I think rasterizing Metafont from the outlines still requires a lot more computing power than TrueType/Type 1. That’s why it’s not suitable for real-time display.
But for each resolution and point size, they only need to be rasterised once and cached. Why couldn’t the most common sizes and resolutions be pre-rasterised?
Actually, I was wrong! Of course, the letters are black, so the yellow line should indeed be on the left. But still, yellow lines next to all letters isn’t very pretty. It would be better if they moved all letters about 1/4 pixel to the right, I think.
Btw. Vera Sans looks quite well in X/freetype, indeed.
I finally resolved the ugly font problem. I turned of the anti aliasing off and use Truetype BCI and use Tahoma Fonts from MS Corefonts. Boy what a difference in readability, I am finally totally into Linux. WOOHOO
Apple has NO HINTING whatsoever, which was the whole point of the article.
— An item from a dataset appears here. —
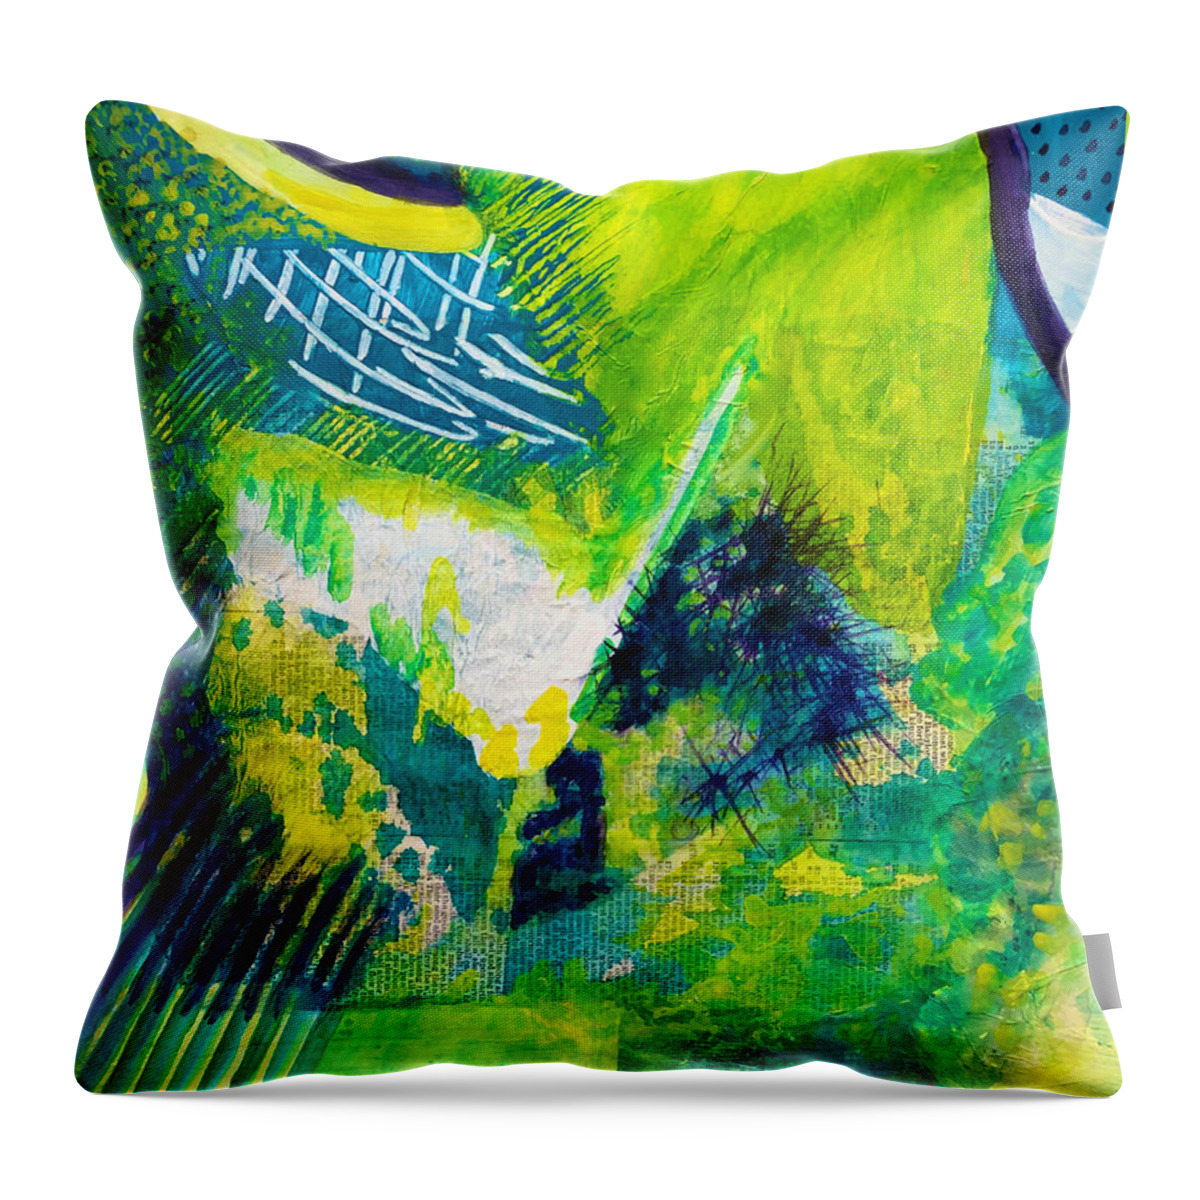  Throw Pillow featuring the painting Willing to Grow by Polly Castor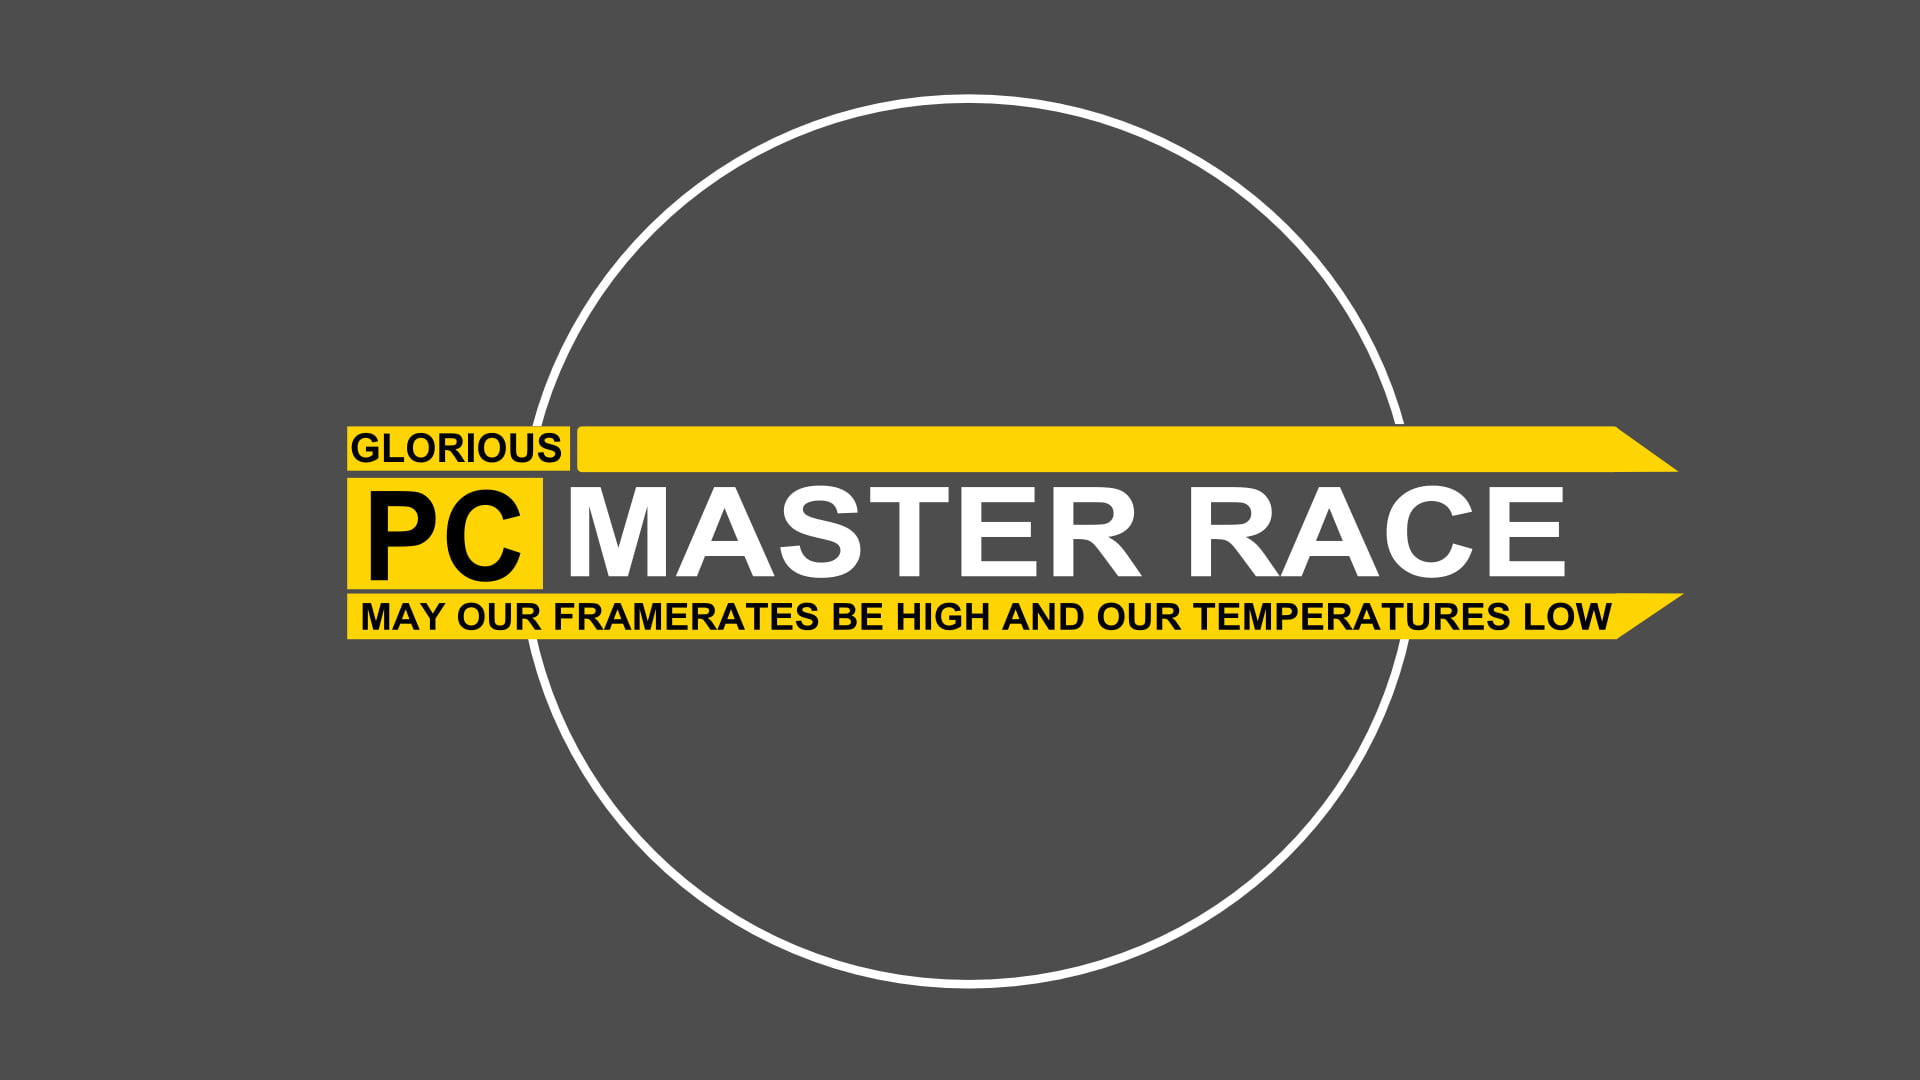 PC Master Race logo, PC gaming, Master Race, text, simple background

That is why very small fonts suck in OS X.
A nun, he moos wrote:
>Well, legally, they can’t include the real Helvetica font, nor can they include Arial (MS’s approximation of Helvetica).
Can’t they? I though http://corefonts.sourceforge.net/ was the whole point about it.
“Can’t they? I though http://corefonts.sourceforge.net/ was the whole point about it.”
READ THE LICENSE!! (duh!) It says you’re not allowed to distribute anything but the original unmodified self-extracting .exe. Plus, it may not be distributed for profit, which makes it even more impossible for commercial distributions to distribute.
It’s called obeying the law!
Hi!
I don’t want to be negative here… i’m using Linux since gnome was 1.2. At the beginning, I was very pleased with AA fonts, I tought it was inovation. Then Windows XP got the ClearType thing which I think is much better…
Spacing:
In Gnome (Don’t know for KDE or other windows manager), the spacing of the fonts looks weird. Sometime, two letters are so close we think it’s one (ie: com looks like corn)
Bold:
The bold are simply ugly (IMHO). They looks a little bit “squared”.
I think improving the fonts on Linux is a very important steps. I’ll try to post some sreenshots to prove these points. Anyone notice the same and have the same impression? Maybe I missed something, would anyone share their tricks?!